Да, конечно же, я не прав… Все это глупости, детские мои впечатления и измышления. Только куда ж без них? Все ведь мы вышли из детства, как кто-то умный сказал.

Не отпускает детство. Февраль 1946 года. Позади четыре года жуткой войны, а у нас в тылу, в Сибири, — бескормицы, неустроенности, изматывающего труда на износ — «все для фронта, все для победы». Мне не было еще девяти лет, учился я во втором классе. Переехали мы с матерью из «города» (Новосибирск) в Кривощеково, на левый берег Оби, в четырехэтажку. Одна комната в четырехкомнатной коммунальной квартире № 8, кажется, на последнем четвертом этаже. В первой комнате жила с мамой Дорой Инна Чичаева (на два года старше меня, больная каким-то ужасным миллиардным туберкулезом — все война, ее следы, даже за тысячи верст ото всех фронтов), в другой дядя Саша, очень добрый, веселый, с неполным комплектом зубов, не то монтер, не то слесарь, в третьей — мы, а в четвертой — Юрка Денисов, младше меня года на три-четыре, с папой Колей и мамой Музой (отчества не помню ни одного). У Музы тоже вроде какой-то туберкулез был (или наметки, подозрения на туберкулез). Работала она внизу, под нашим подъездом, в продовольственном ларьке, куда поднималась с торца четырехэтажки высокая лестница, а за лестницей была ледяная горка, с которой мы катались на чем ни попадя (горка происходила, вероятно, от выплескивания с крыльца воды, которой мыли пол в ларьке). Так вот, с этим юным Юркой Денисовым как-то был устроен такой «брифинг», как теперь выражаются:

— Юрка, мамку любишь?

— Не-а.

— А папку?

— Не-а.

— А бабушку?

— Не-а, — не в настроении, видно, Юрка был.

— А дядю Сашу?

(Дядя Саша из второй комнаты был им, Денисовым, не то родственник, не то так, по доброте душевной, постоянно, когда мог, с Юркой и посидеть оставался, и так возился.)

— Так дядю Сашу?

— Не-а.

— А компот? — нашелся веселый дядя Саша.

— Ага-а! Люблю-у-у!!

И вот кто особенно распространяется о своей любви к женщинам, кто стремится обязательно и только к «обладанию» (и чаще вовсе не к «святому и редкостному») — мне эта их «любовь» напоминает скорей все-таки любовь к компоту, чем к мамке, папке, бабушке или вообще к человеку. Нет, «компот»-то я тоже любил… А кто не любит? Что я, не живой, что ли? Но где-то чуть не с младенчества все-таки различал, ощущал, что любовь к компоту и любовь к человеку хоть и именуется в русском языке одним словом, но разнятся, отличаются друг от друга, хотя в чем-то и сходятся. Не случайно, не наобум названы они одним словом: нам приятны, желанны и «компот», и любимое существо. Но есть все-таки и различие! А есть у русского народа еще замечательно точное обозначение любви не к компоту, а к человеку: жалеть. Любить можно и компот, а вот жалеть — только любимое существо. Правда, современная женщина сама немало делает для того, чтобы к ней относились, как к «компоту», к вещи… К товару!

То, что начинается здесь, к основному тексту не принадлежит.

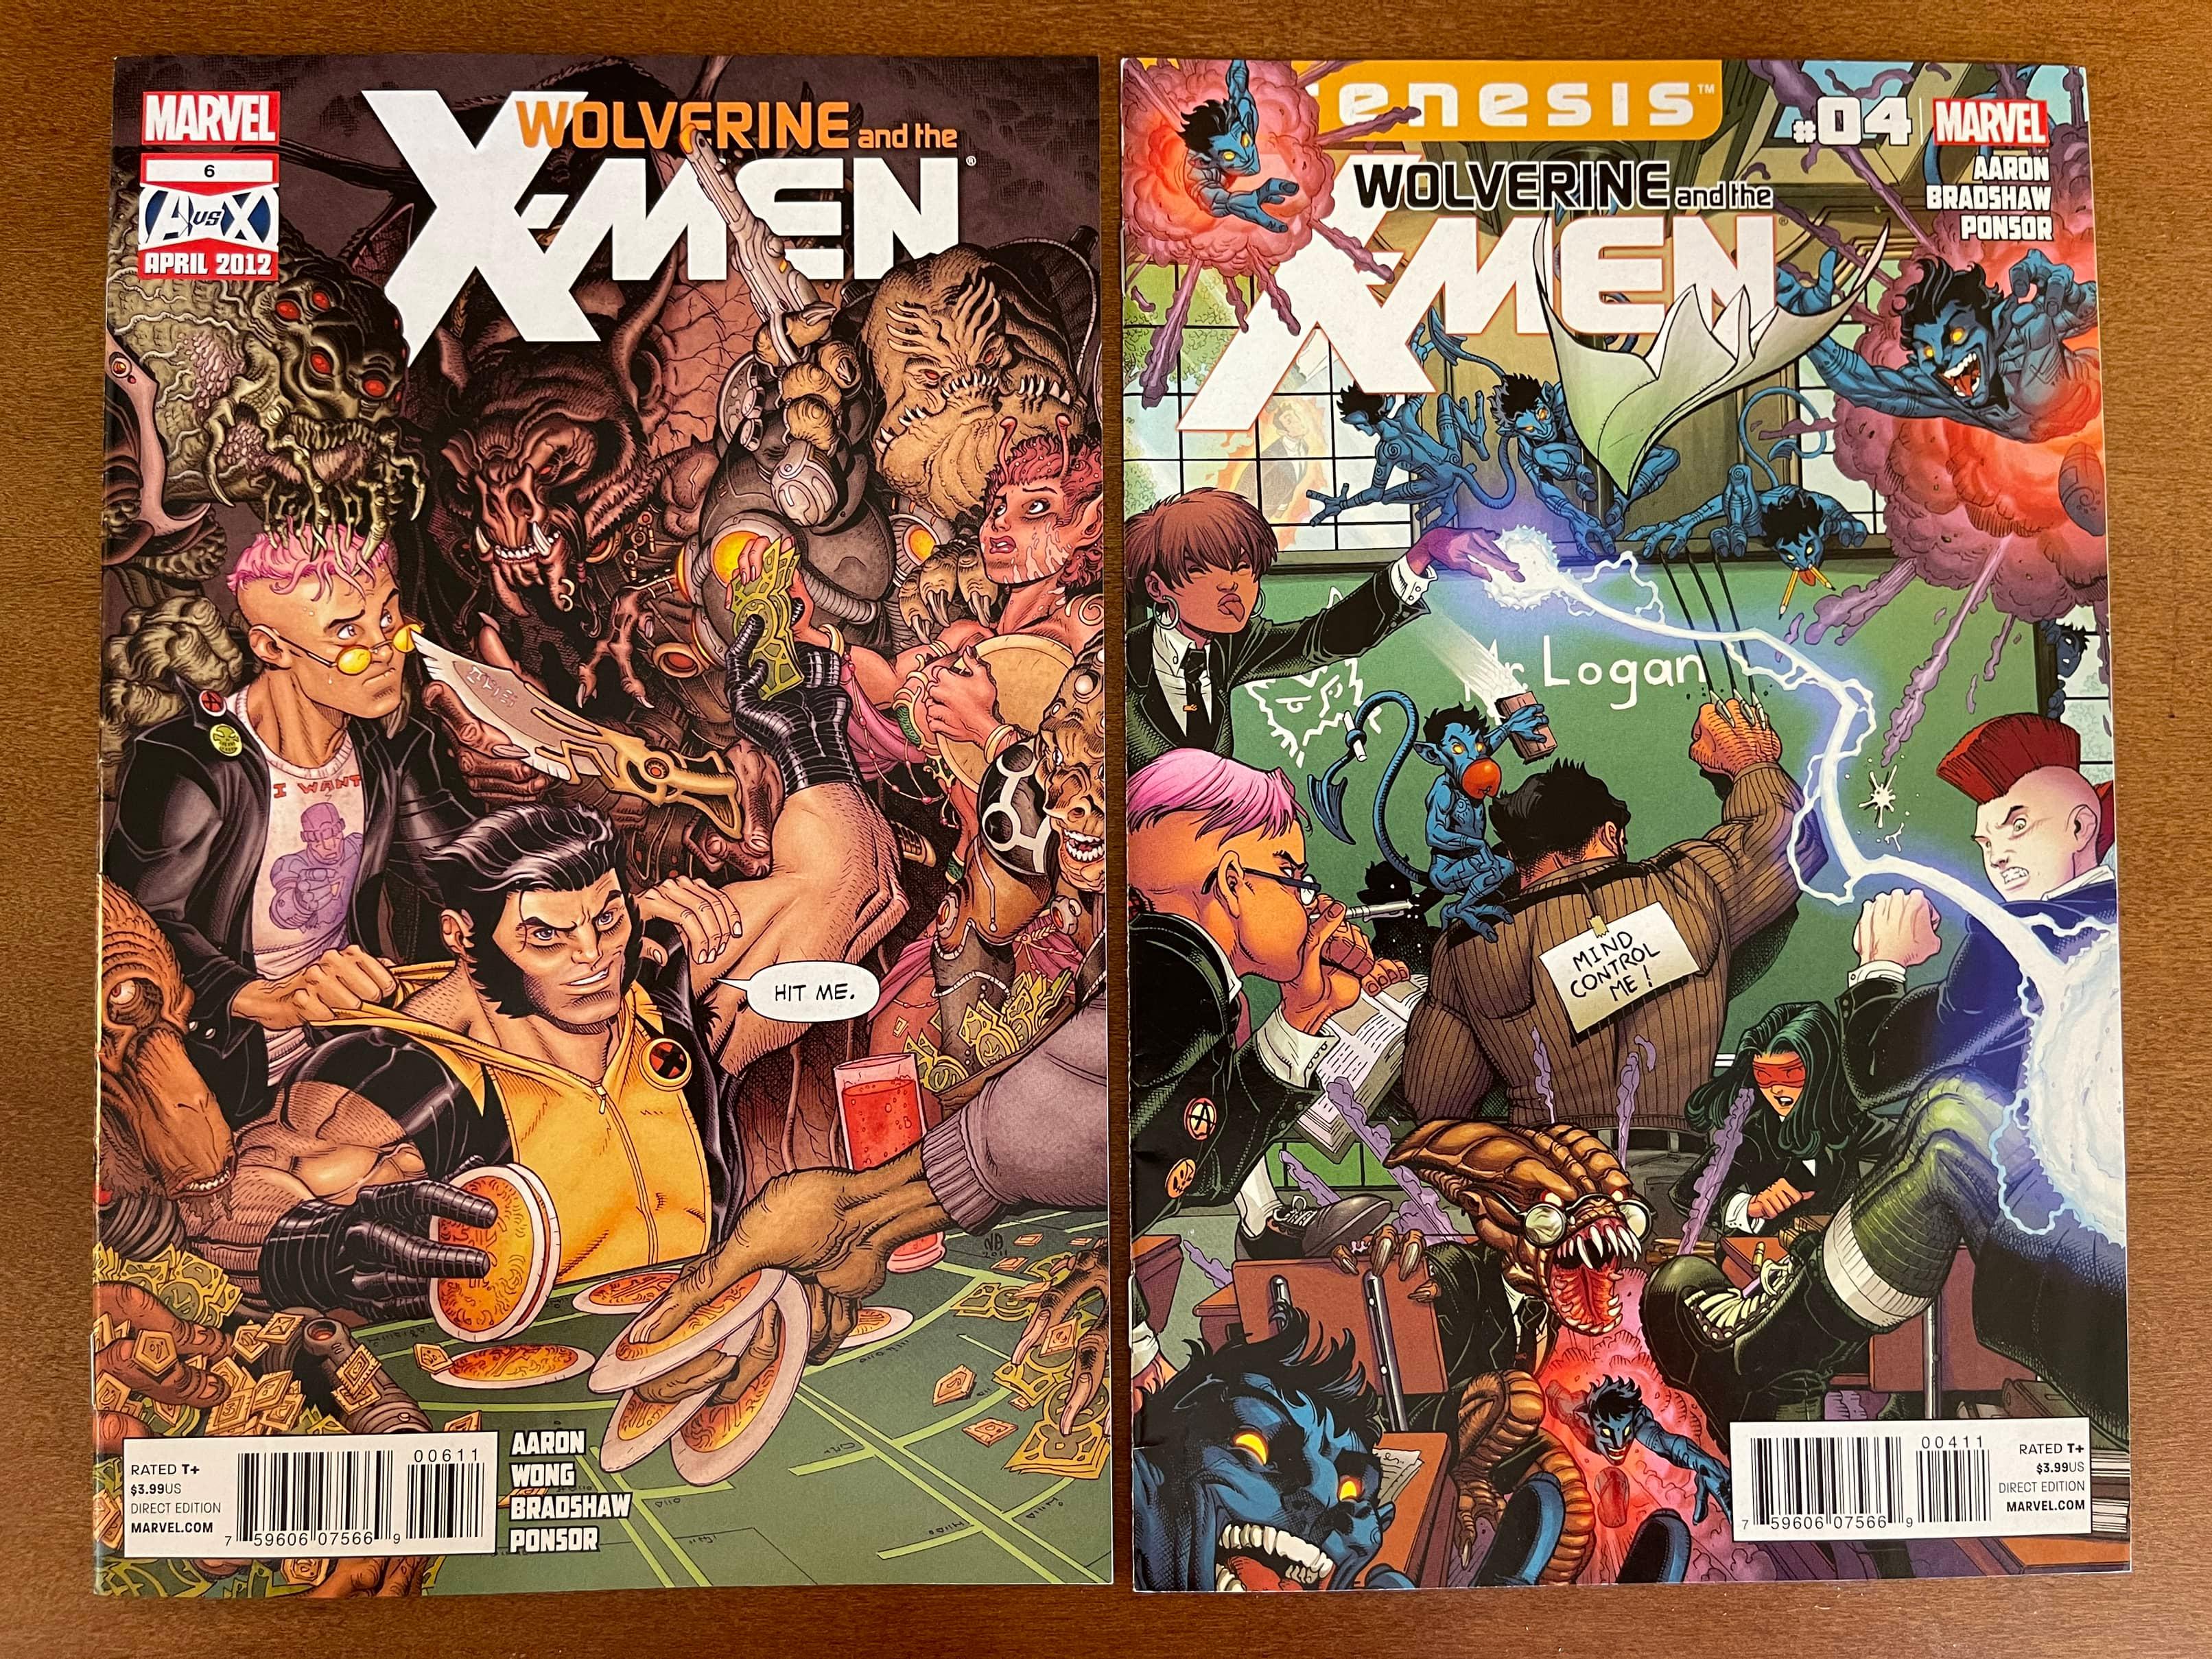 2 Issues Wolverine and the XMen Comics #4 #6 Marvel Comics Aaron Bradshaw Ponsor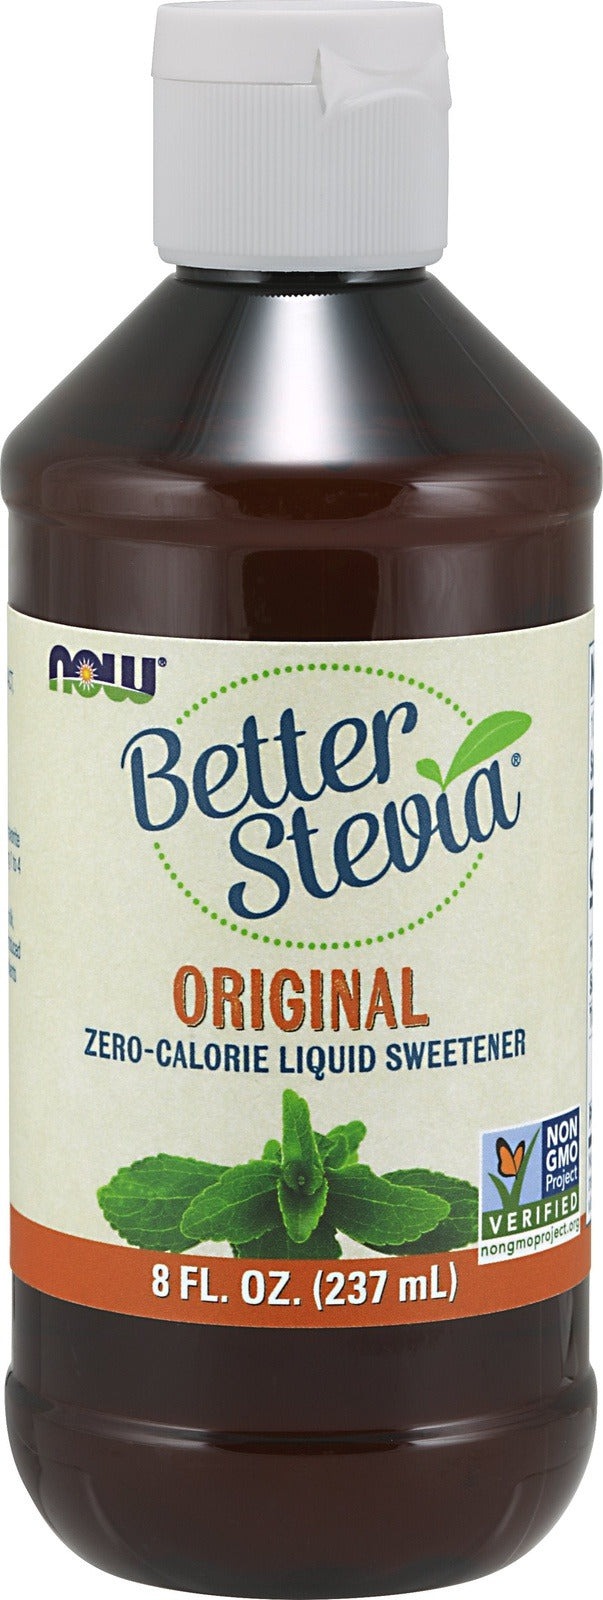 NOW Better Stevia Zero-Calorie Liquid Sweetener - Original Image 2

Любовь не к компоту, а к человеку, к существу, влекущему и желанному, я ощутил, осознал годам к десятиодиннадцати. С девчонками мы учились раздельно: мы в мужской школе, они — в женской. У нас в 4-м «А» оказался мальчик из нашей пятиэтажки, постарше меня года на два, Коля Басалаев (где-то он сейчас, где все они, кого так цепко держит моя детская память?). Оказались мы с Колей на одной парте, и долгие совместные возвращения из школы — через весь «Соцгород», через поле до наших «этажек» — все это способствовало общению и даже дружбе, которая вроде и начиналась, но потом, классу к седьмому, рухнула из-за какой-то глупости. А пока не рухнула, в четвертом еще классе, поведал мне Коля, как другу и наперснику, о своей любви (не больше и не меньше!) к Ире Озеровой. Да чуть ли и не взаимной еще?! Какая там взаимность могла быть? В наше-то время… Разве только на словах? Это у нас на Руси нередкая вещь — на словах-то… Многочисленные «победы» наши: и над недругами, и над прекрасным полом… Коле пусть было лет 12–13, а Ире никак не больше 10-ти, училась она на два класса младше нас, она — во втором, мы в четвертом. Но вот поведал Коля другу о своей любви. И что же друг (впервые в жизни столкнувшийся еще и с такой любовью!)? А друг, не долго думая, тут же и сам влюбляется. В кого? А в ту же Иру Озерову! А чего мудрить? Только обратить внимание и увидеть, что мордашка у Иры круглая, носик — задорный, глазки смеющиеся… Чего мудрить? Что может быть лучше и привлекательней всего этого? Ну… друг там, правда, влюблен… Да и «взаимно»… Но ведь влюблен только, не женат же, слава богу. Потом, разве сердцу прикажешь? Ему не прикажешь. А оно вот приказало: только Ира ему, сердцу, мила и нужна. И никто больше! Какая там у Коли до сообщения мне была с Ирой «взаимность» — это меня как-то не трогало и даже не интересовало. Во всяком случае, потом мы, кажется, любили Иру «на пару», вместе, особенно даже друг дружке и не мешая. А потом также «на пару» и разлюбили. И даже отомстили! За что?…Но — отомстили! Плюнули каждый на ее фотографию, отнесли и опустили в ее почтовый ящик (вряд ли она или ее близкие смогли даже понять, что это была «месть»).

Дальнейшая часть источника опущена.